Imagine you're throwing darts at a square board which has a circle drawn on it. If you're as poor at darts as I am and throw at random, some of your hits will be inside of the circle, some outside of it. Monte Carlo method for calculating π works just like that: pick a number of points at random and count these within the circle. The ratio of this count to total number of points approximates the ratio of the areas (which is π/4).

Note: this is a worse example of parallelization because `rand::random()` uses a thread-local random generator that reseeds itself from OS-provided entropy source.

```extern crate rand;

fn monte_carlo_pi(points: usize) -> f64 {
let within_circle = (0..points)
.filter_map(|_| {
let x = rand::random::<f64>() * 2f64 - 1f64;
let y = rand::random::<f64>() * 2f64 - 1f64;
if x * x + y * y <= 1f64 { Some(1) } else { None }
})
.count();
4f64 * within_circle as f64 / points as f64
}

fn parallel_monte_carlo_pi(points: usize) -> f64 {
let within_circle = (0..points)
.into_par_iter()
.filter_map(|_| {
let x = rand::random::<f64>() * 2f64 - 1f64;
let y = rand::random::<f64>() * 2f64 - 1f64;
if x * x + y * y <= 1f64 { Some(1) } else { None }
})
.count();
4f64 * within_circle as f64 / points as f64
}

println!("sequential MC: {}", monte_carlo_pi(1_000_000));
println!("parallel MC: {}", parallel_monte_carlo_pi(1_000_000));
```

Again our parallel implementation differs only in the call to `into_par_iter()`.
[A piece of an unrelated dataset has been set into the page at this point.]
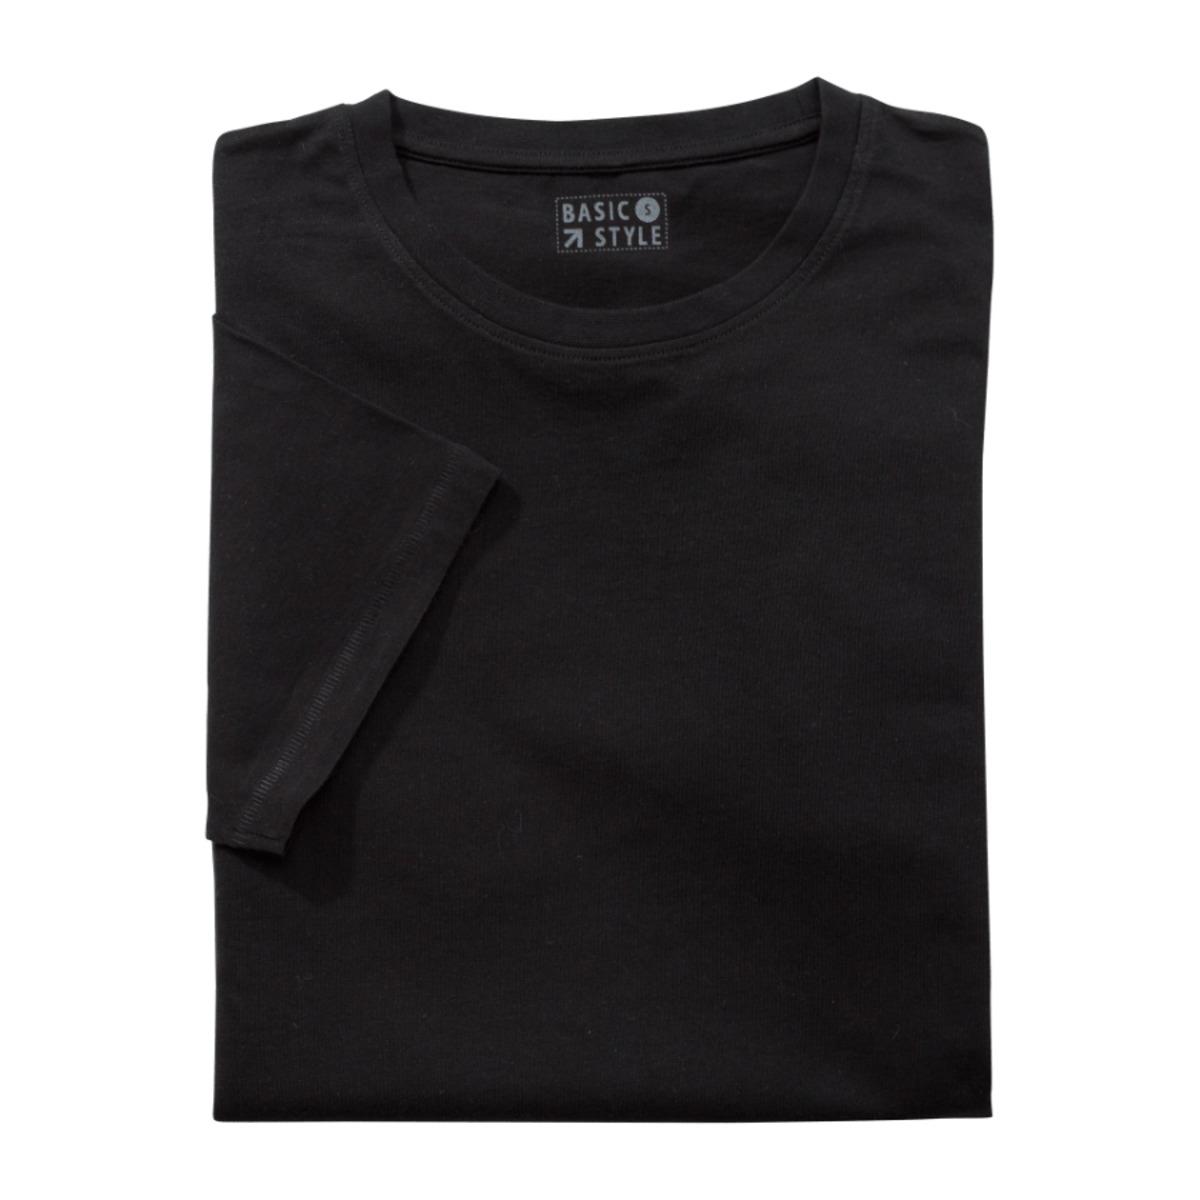 Bild 4 von STRAIGHT UP     T-Shirt Basic-Style

```sequential MC: 3.138308
parallel MC: 3.142376
```

The results will be different in every run, but we can see it sort of looks like π.

## Benchmarks

Twelve o'clock and all is well, but how do we know if the parallel versions really perform better? Benchmarks!

The following code works only on nightly, due to `test` feature gate.

```#![feature(test)]

extern crate test;

#[cfg(test)]
mod tests {
use super::{semicircle, integrate, parallel_integrate, monte_carlo_pi, parallel_monte_carlo_pi};
use test::Bencher;

#[bench]
fn bench_sequential_integrate(b: &mut Bencher) {
b.iter(|| integrate(semicircle, 100_000))
}

#[bench]
fn bench_parallel_integrate(b: &mut Bencher) {
b.iter(|| parallel_integrate(semicircle, 100_000))
}

#[bench]
fn bench_sequential_monte_carlo(b: &mut Bencher) {
b.iter(|| monte_carlo_pi(100_000))
}

#[bench]
fn bench_parallel_monte_carlo(b: &mut Bencher) {
b.iter(|| parallel_monte_carlo_pi(100_000))
}
}
```
```\$ cargo bench
Finished release [optimized] target(s) in 0.0 secs
Running target\release\rayon-bench-06c3c3f0de9581df.exe

running 4 tests
test tests::bench_parallel_integrate     ... bench:     958,000 ns/iter (+/- 457,837)
test tests::bench_parallel_monte_carlo   ... bench:   4,604,488 ns/iter (+/- 1,072,339)
test tests::bench_sequential_integrate   ... bench:   1,532,289 ns/iter (+/- 111,210)
test tests::bench_sequential_monte_carlo ... bench:   9,736,849 ns/iter (+/- 455,576)

test result: ok. 0 passed; 0 failed; 0 ignored; 4 measured
```

The results above are on my dual core Intel i5 laptop. As you can see, the parallel versions run almost twice as fast, utilizing both CPU cores. However, `rayon` doesn't guarantee parallel execution. To quote Niko:

the decision of whether or not to use parallel threads is made dynamically, based on whether idle cores are available.

`*` This approach is known as potential parallelism. Keep that in mind when using `rayon` and always measure performance.